Candidate teams will then work to optimize the chosen ventilator design to allow the production of a ventilator for $1000 CAD or less. Teams must produce a manufacturing package that will be reviewed and judged by experts based on defined manufacturability and financial criteria. Candidate teams will also have ongoing access to consultants (e.g. aPriori) to assist the cost optimization process.
The manufacturing package must comprise a full package composed of any documents or other materials such as prototypes, designs and design histories, instructions, procedures, methods of construction, compositions of matter, models, specially designed tools, communications, texts, presentations or videos relating to the Challenge, and as needed by other manufacturers to adopt the design for production at their facility and obtain regulatory approval for that device.

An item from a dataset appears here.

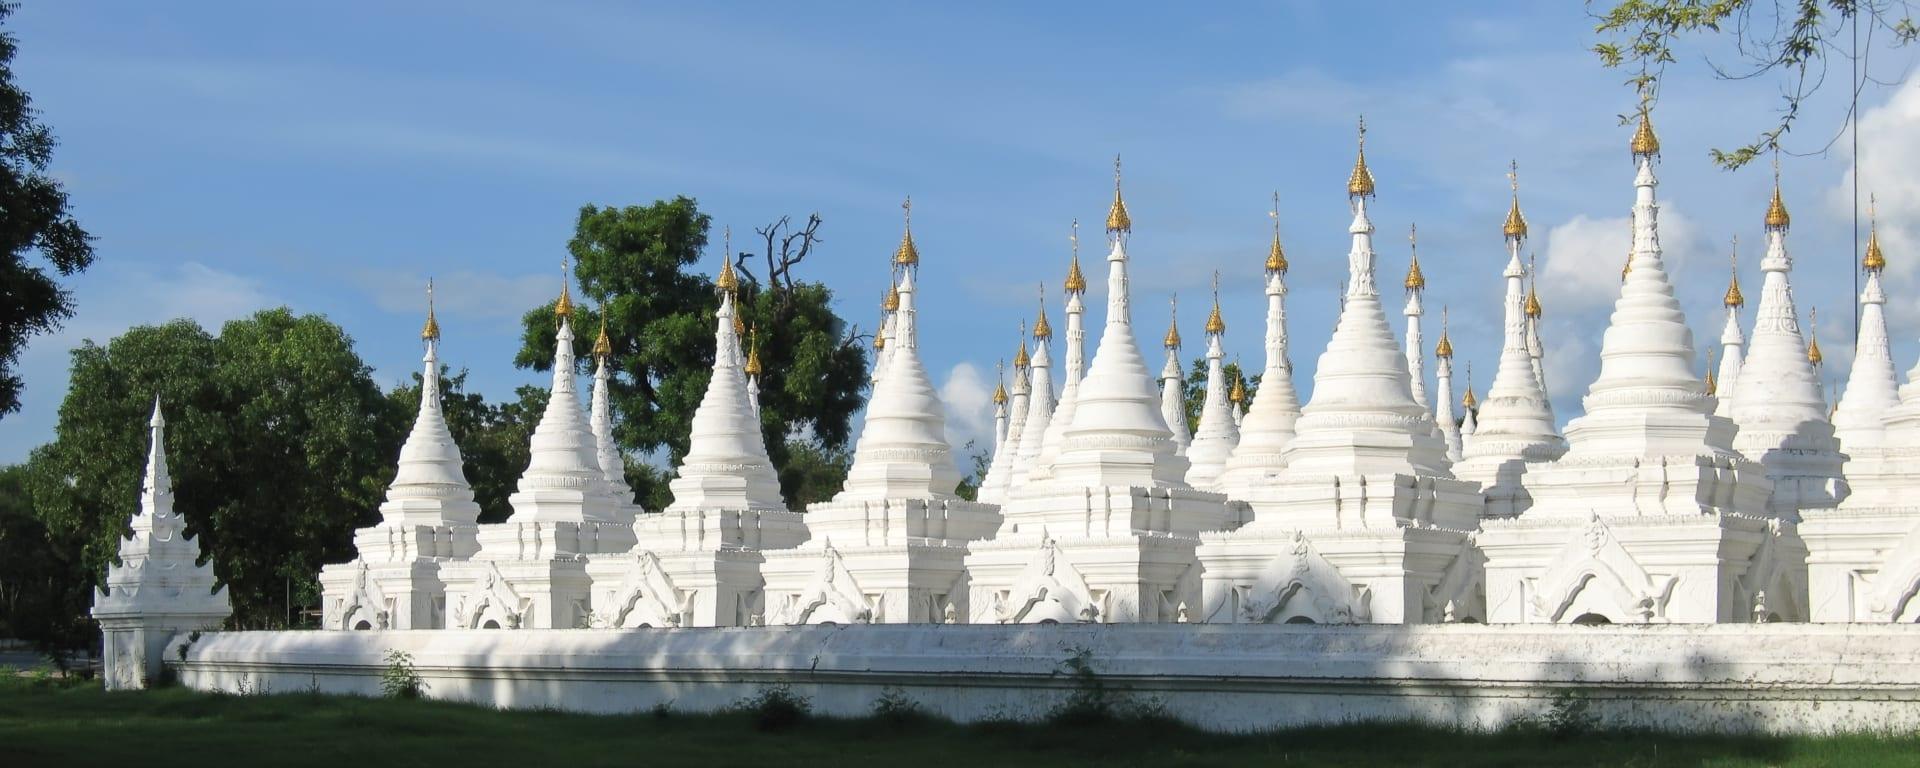 Myanmar entdecken mit Tischler Reisen: Myanmar Mandalay Kuthodaw Tempel

In addition to the manufacturing package, the teams must provide access to the full dossier of test results and other information relevant to the regulatory approval process--essentially all material needed for another manufacturer to be able to file for rapid authorization to produce the device.
3. Winner Announcement
The first candidate team to successfully complete a Financial Assessment and obtain Regulatory Approval by Health Canada or FDA will win the challenge and receive compensation up to $300,000 CAD.
Information on the design teams
Information on the Ventilator Designs will be made available by material and documents provided by the Design Teams to the Candidate Teams. Some of these will be shared on this site.